#include <stdio.h>
int main(int argc, char **argv)
{
int i = 0;
int j = 1;
j > i ? printf("1") : printf("0");
return 0;
}
If you had learnt the any programming language, you know the result is 1.
The next words come form The Wikipedia's explanation:
?: is used as follows:
- condition ? value_if_true : value_if_false
The condition is evaluated true or false as a
Boolean expression. On the basis of the evaluation of the Boolean condition, the entire expression returnsvalue_if_true if condition is true, but value_if_false otherwise. Usually the two sub-expressions value_if_true and value_if_false must have the same type, which determines the type of the whole expression. The importance of this type-checking lies in the operator's most common use—in
conditional
assignmentstatements. In this usage it appears as an
expression on the right side of an assignment
statement, as follows:
- variable = condition ? value_if_true : value_if_false
The first expression is condition, so the condition's result only has two values which are true or false. If the condition's result is true, the program will executes the second statement. While the condition's result is false, the program will execute the third statement.
Now, we test the condition statement. We said the condition statement return a bool type value. At C language programming we know the assignment statement must return a true value. But what's the relationship between the assignment statement and ternary operator? You're right. We use assignment statement as the ternary operator's condition statement. This is my code:
#include <stdio.h>
int main(int argc, char **argv)
{
int i = 0;
int j = 1;
j = 0 ? printf("1") : printf("0");
// printf("j = %d", j);
return 0;
}
Do you believe the result is "1"? But the computer's result is "0". Why the computer compute the result is "0"? Is the assignment statement failed? We can add a statement to check the value of j. We add "printf("j = %d", j);". After compiled the source code and executed. The result is j = 1. En...? The assignment statement is really failed. The value of j not changed. We also can change the code as this:
#include <stdio.h>
int main(int argc, char **argv)
{
int i = 0;
int j = 1;
j = 1 ? printf("1") : printf("0");
return 0;
}
Now, we compile and execute it. Oh.Oh. The result is "1". We must confused by this operator. Just now, we concluded that the assignment statement was failed, but now the assignment statement is succeed.
As a C programmer, the operator "=" and "==" is very different. The operator "=" is assignment operator, but the "==" operator is judge the two values if they are equal. In other words, if we replace the "=" as the "==", the execute flow will execute strictly as the Wikipedia's explanation. The test code as follows:
#include <stdio.h>
int main(int argc, char **argv)
{
int i = 0;
int j = 1;
j == 1 ? printf("1") : printf("0");
return 0;
}
This result is "1". If we change the condition with "j == 0", the result is "0".
We continue to talk about assignment statement. The result seems very unsatisfactory. We can guess bravely that is the compile assigned the value to the variable as the result but ignored the assignment. what's the meaning?
#include <stdio.h>
int main(int argc, char **argv)
{
int i = 0;
int j = 1;
j = 0 ? printf("1") : printf("0");
printf("j = %d", j);
return 0;
}
We can use code to understand those words. Just now, we tested the result is "0".
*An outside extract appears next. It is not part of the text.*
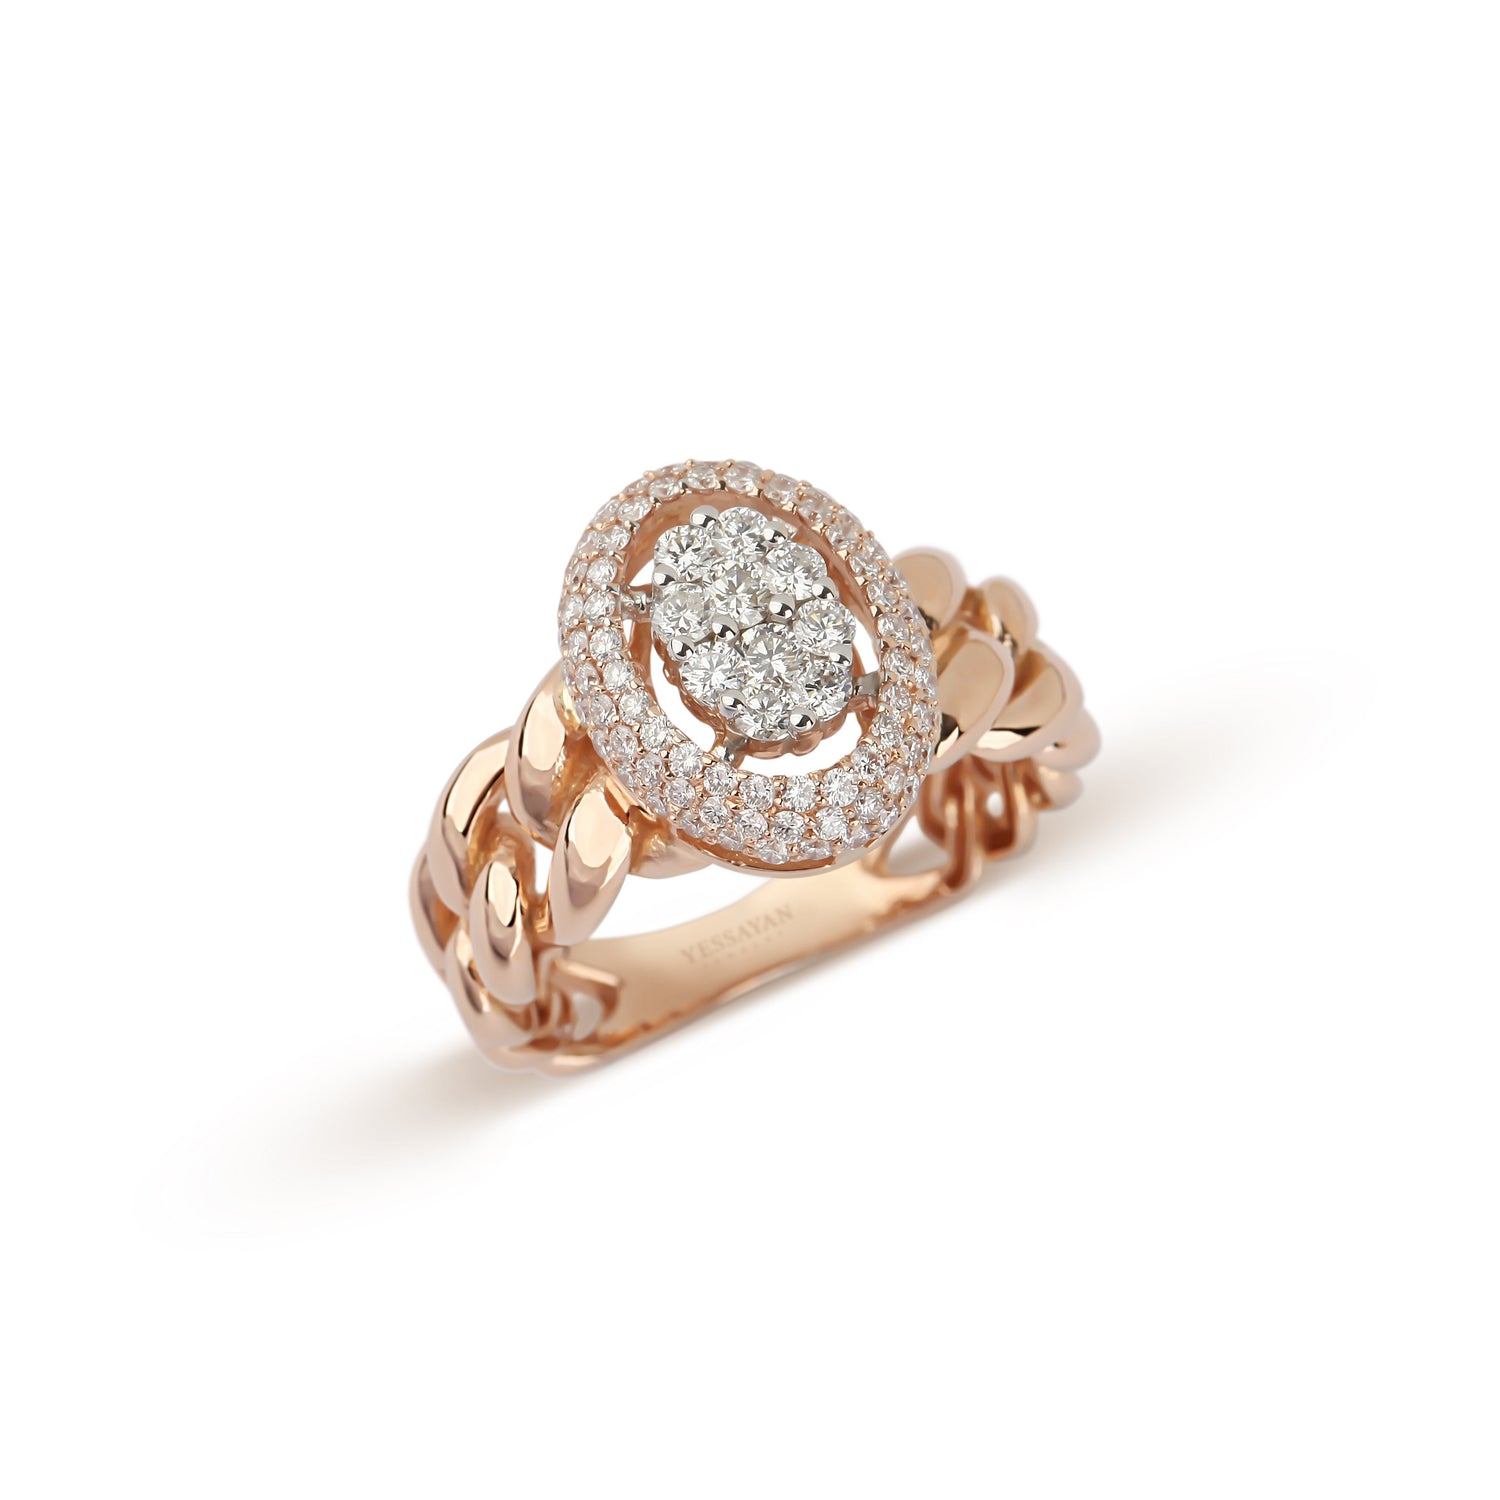 Rose Gold Illusion Diamond Ring | Jewelry online | Solitaire ring

First, the compiler assigned the zero to the variable j and made the j as the condition value. Then, the execute flow base on the condition result to execute the rest statement. Third, the value of j will changed back to the origin value.
<There is a great guess. While the program running, the ternary operator statement been pushed into the stack.Then after the accomplished the ternary operator statement, the stack been destroyed.So the value of j not changed.>
After testing, we know the operator "=" in ternary operator's condition statement, the variable value is the condition result. All this summaries is my own opinion or my own guess because I have not read the compiler develop manual. All this codes tested in Linux gcc 4.7.3 and vs2012.